Figure 3 - Sample Two-Bend Routes

If the horizontal distance between the two pins is H routing grids, and the vertical difference in channels between the pins is C, then the total number of two-bend routes is C+H. A parameter, called the two bend percent (TBP) dictates the percentage of the total number possible two-bend routes to be evaluated. Thus the total number of routes evaluated is given by  $\frac{TBP}{100}\times(C+H)$ . When TBP is less than 100, then the routes are evaluated in a priority order [Rose88b]. Experimentally, it was determined that a TBP of 20% would result in a path as good as that found by an exhaustive maze router, as compared on the basis of total density for the entire circuit.

The LocusRoute algorithm makes use of a general or iterative technique in the manner described in [Nair87]. Briefly, this means that after the first time all wires are routed, each is sequentially ripped up from the Cost Array, and then re-routed. By routing each wire several times (typically four is sufficient), the wire order-dependency is reduced and the final answer is improved by five to ten percent.





The uniprocessor LocusRoute algorithm compares favorably with a widely used placement and global routing package [Sech85], and with a good quality industrial global router [Rose88b].

# 4 Parallel Decomposition & Implementation

In this section several ways of parallelizing the LocusRoute router are proposed and implemented. Figure 4 illustrates several such axes of parallelism:

- 1. Wire-based Parallelism. Each processor is given an entire multi-point wire to route.
- Segment-based Parallelism. Each two-point segment produced by the Kruskal decomposition can be routed in parallel.
- Permutation-based Parallelism. Each of the four possible permutations, as discussed in Section 3.2, can be evaluated in parallel.
- Route-based Parallelism. Each of the possible twobend routes for every permutation can be evaluated in parallel.



Figure 4 - Parallel Decomposition of LocusRoute

Note that these are only potential axes of parallelism. It is possible to eliminate some of them as uneconomical by using statistical run-time measurements of the sequential router. For example, the number of two-point segments that actually need to have all four permutations evaluated is quite small with respect to the total. Thus, permutation-based parallelism is not going to provide significant speedup and isn't worth the time it requires to develop. On the other hand, other measurements show that the time spent evaluating the cost of two-bend routes ranges from 50 to 90 percent of

the total routing time, so that some amount of speedup from route-based parallelism can be expected.

To date, we have not considered pipelining as an axis of parallelism. A pipeline implementation would have the same stages as the basic algorithm described in Section 3.2. To some extent, pipelining uses the same axis of parallelism as wire-based parallelism since it also routes several wires at once. The best use of pipelining would be to execute the first two stages, segment and permutation decomposition, for all wires in parallel since these stages have no data dependencies on the routing of other wires. In the context of iterative improvement placement, however, the wire positions will not be known in advance as they are when considering the routing problem in isolation.

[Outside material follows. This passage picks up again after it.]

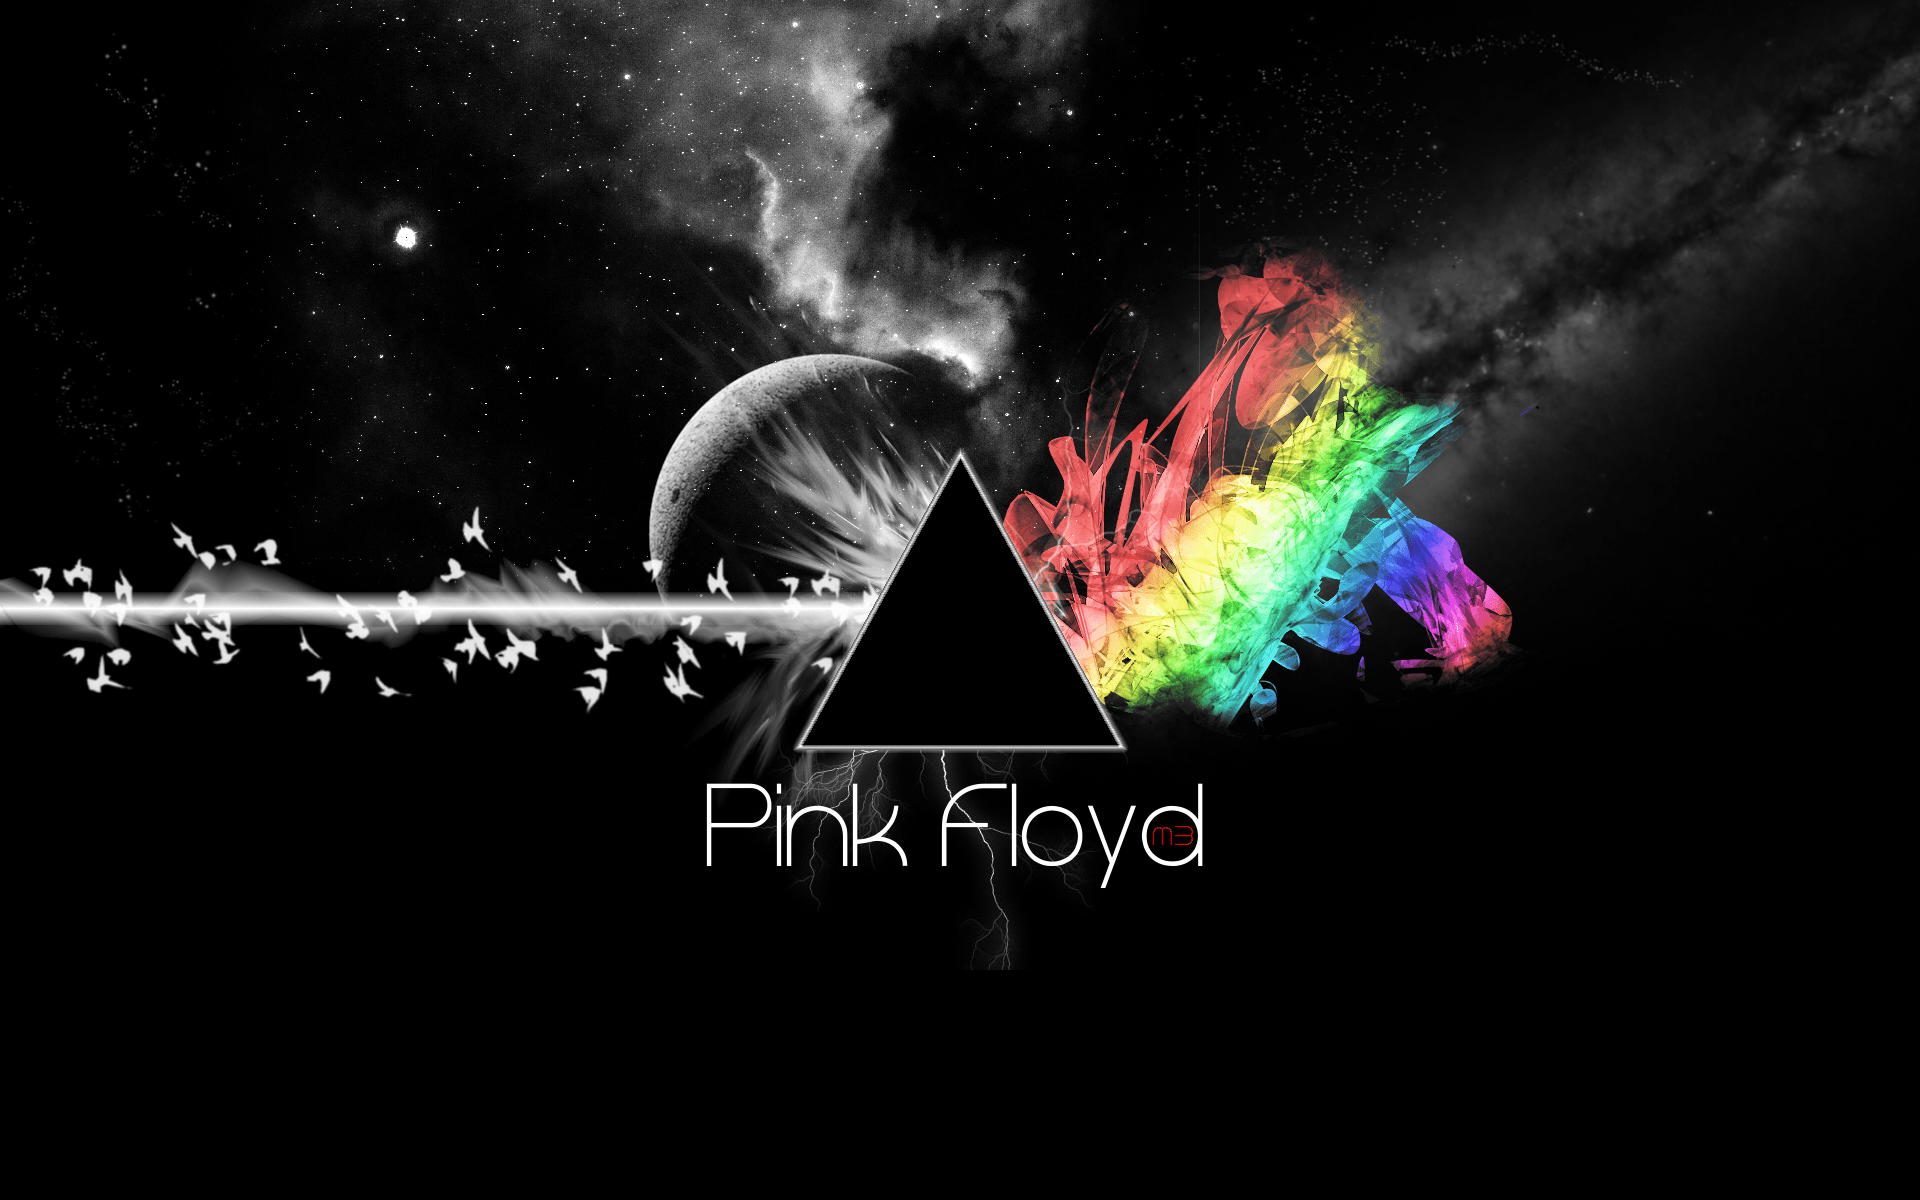 Review of: Pink Floyd

Each of the following sections discusses the details of the axes of parallelism that have been implemented. In the case where the quality of the answer of the parallel program is worse than the sequential program, a quantitative measure of the amount of degradation is given. This section is concluded by a discussion of the combination of two of the axes of parallelism. All decompositions assume a shared-memory multiprocessor.

#### 4.1 Wire-Based Parallelism

In Wire-Based parallelism, each multi-point wire is given to a separate processor, which runs the LocusRoute routing algorithm as described in Section 3: prior to decomposition, if the iteration technique is used, the wire must be "ripped up" out of the Cost Array. Next, each wire is decomposed into two-point wires, and possibly further into permutations. A subset of the potential two-bend routes is generated, and then evaluated by traversing the Cost Array. When a final route is chosen, the Cost Array is updated to reflect the new presence of that route.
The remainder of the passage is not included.